NZ Overhauls Infrastructure Investment System to Prevent Costly Project Failures
One of the most significant changes is the transfer of responsibility for infrastructure project assurance from the Treasury to the independent New Zealand Infrastructure Commission.
- Country:
- New Zealand
The New Zealand Government has unveiled a sweeping overhaul of its infrastructure investment framework, aiming to tighten scrutiny, eliminate wasteful spending, and ensure major public projects deliver real value for taxpayers.
Infrastructure Minister Chris Bishop and Finance Minister Nicola Willis jointly announced a series of reforms to the Investment Management System—changes that signal a decisive shift toward stronger accountability, clearer decision-making, and earlier intervention in high-risk projects.
At the core of the reforms is a recognition that the current system has allowed weak or poorly planned projects to advance too far, often consuming significant public funds before being halted or failing altogether.
"For too long, projects have been able to build momentum without sufficient scrutiny—costing tens or even hundreds of millions of dollars in early-stage planning for initiatives that never materialise," Willis said, highlighting systemic inefficiencies that have plagued public investment decisions.
Independent Oversight to Replace Fragmented Assurance
One of the most significant changes is the transfer of responsibility for infrastructure project assurance from the Treasury to the independent New Zealand Infrastructure Commission. This move is designed to reduce duplication and leverage specialist expertise, ensuring that Ministers receive clearer, more rigorous advice before committing to major investments.
Currently, multiple overlapping review tools—such as the Treasury's Gateway Review and the Commission's Infrastructure Priorities Programme—have created a fragmented assurance environment. According to the Government, these systems often generate inconsistent assessments, excessive bureaucracy, and a lack of decisive guidance.
Under the new framework, these tools will be consolidated, streamlining the process into a more focused system that prioritises substance over procedure.
'Go/No-Go' Decision Framework for Ministers
A central feature of the reforms is the introduction of stronger, investor-focused advice—giving Ministers clear "go/no-go" recommendations on infrastructure proposals.
"We need unapologetically strong, clear, and actionable assurance," Willis said, stressing that decision-makers require straightforward evaluations rather than complex, technical reports that obscure risks and outcomes.
To support this, Treasury will introduce a standardised two-page "Fitness Assessment" for all major business cases seeking Cabinet approval. This concise evaluation will place each project in context—assessing its viability, alignment with fiscal priorities, and the delivering agency's track record.
Earlier Intervention, Better Outcomes
The reforms also emphasise earlier scrutiny in the project lifecycle. The Infrastructure Commission will now assess proposals well before final decisions are made, evaluating whether projects meet genuine needs, offer value for money, and are realistically deliverable.
This proactive approach is expected to prevent unviable or poorly scoped projects from progressing, reducing costly delays and cancellations.
In addition, high-risk investments—including certain transport projects—will be subject to enhanced oversight, ensuring that potential issues are identified and addressed at an early stage.

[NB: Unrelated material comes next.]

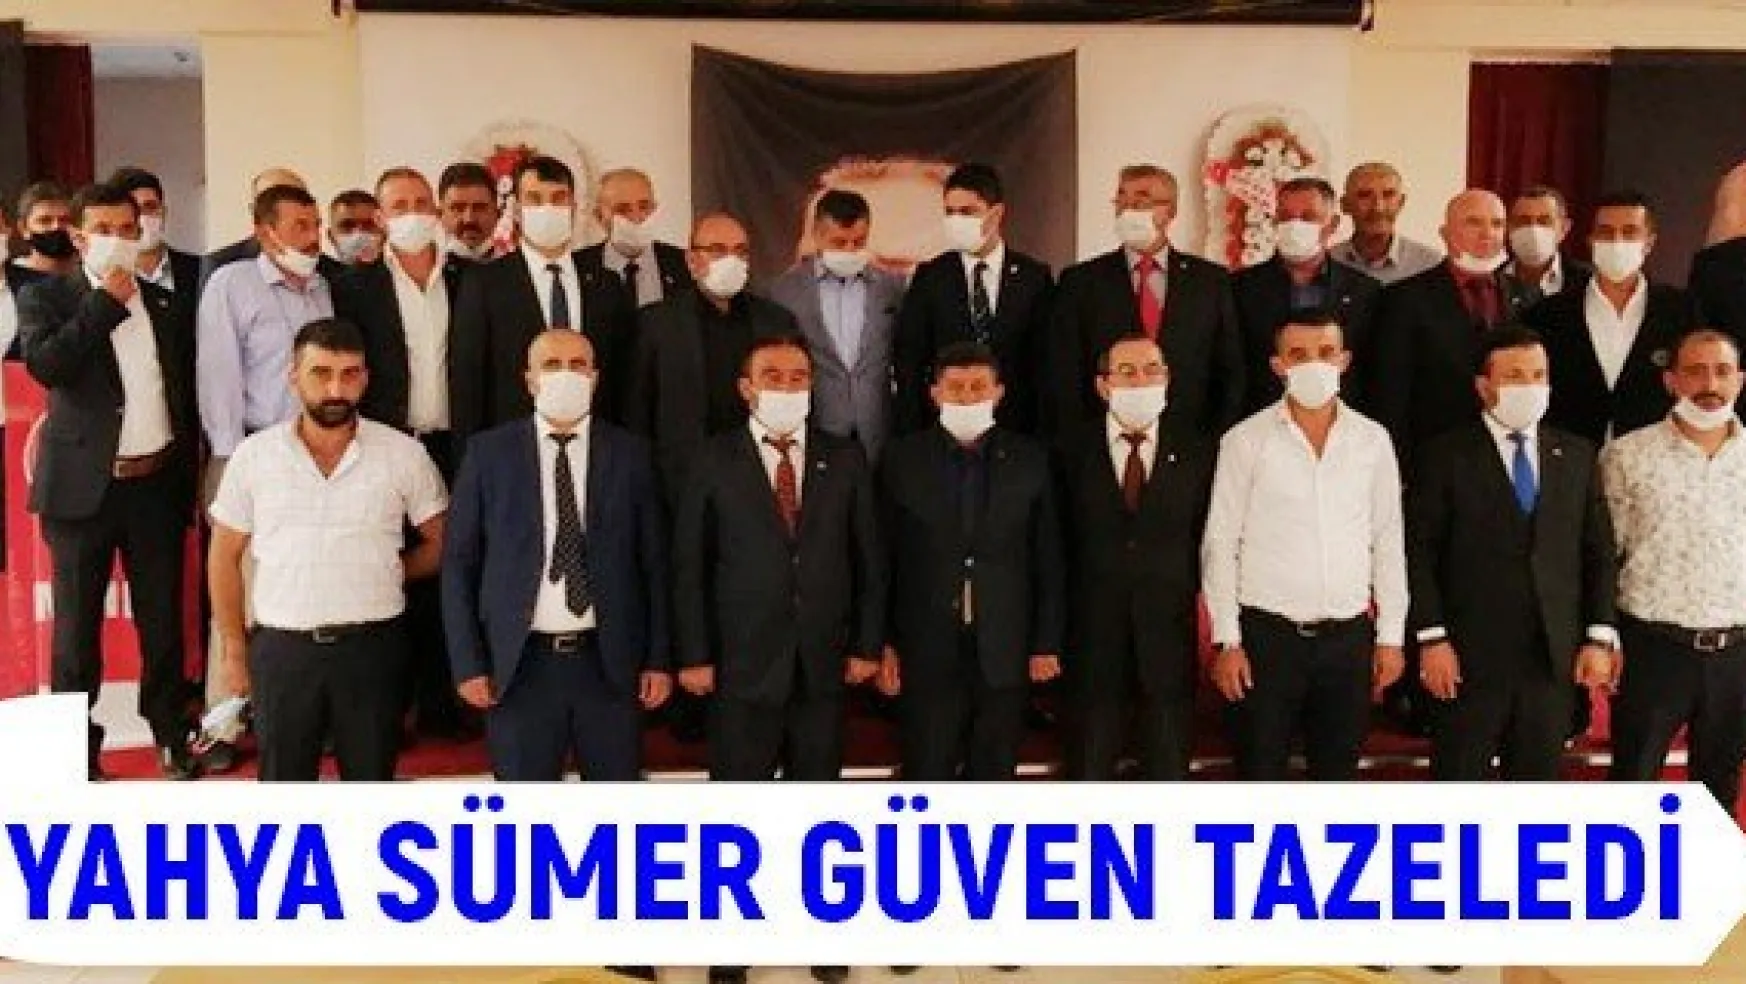 Yeşilhisar MHP İlçe Başkanı Yahya Sümer güven tazeledi

Strengthening Long-Term Planning and Accountability
Beyond individual projects, the Government is introducing new assurance mechanisms for long-term investment plans and asset management strategies, particularly for capital-intensive agencies.
A dedicated assurance function will evaluate how agencies manage infrastructure over time—an area previously identified as a weak point in public sector performance. Treasury will lead policy development, while the Infrastructure Commission will provide independent assessments.
To further reinforce accountability, the Infrastructure and Investment Ministers Group will take on a more active role, reviewing high-profile and high-risk projects before they reach Cabinet and monitoring their delivery post-approval.
Driving Economic Growth Through Smarter Investment
The reforms align with recommendations from the National Infrastructure Plan and form part of a broader strategy to improve public sector performance and drive economic growth.
Bishop said the changes would help ensure that only well-designed, high-impact projects move forward—reducing stop-start cycles and improving confidence across the infrastructure sector.
"For the sector, this means good projects will rise to the top, while unrealistic or unfunded proposals will fall away much earlier," he said.
A Shift Toward Higher Standards in Government Investment
The Government is also signalling a cultural shift within central agencies, which will now be expected to meet the same rigorous standards applied to local government and regulated utilities.
This includes improving capability in developing business cases, managing assets, and planning long-term investments—areas where gaps have previously undermined project success.
Putting Taxpayers First
Ultimately, the reforms are designed to deliver better outcomes for New Zealanders—ensuring that infrastructure investments translate into tangible benefits such as reliable transport networks, modern schools and hospitals, and projects delivered on time and within budget.
"For taxpayers, this means more projects that meet their needs and represent good value for money," Willis said, adding that stronger transparency will also allow the public to hold decision-makers accountable.
With billions of dollars in public investment at stake each year, the overhaul represents one of the most significant attempts in recent years to reshape how infrastructure decisions are made—placing evidence, expertise, and accountability at the centre of government investment strategy.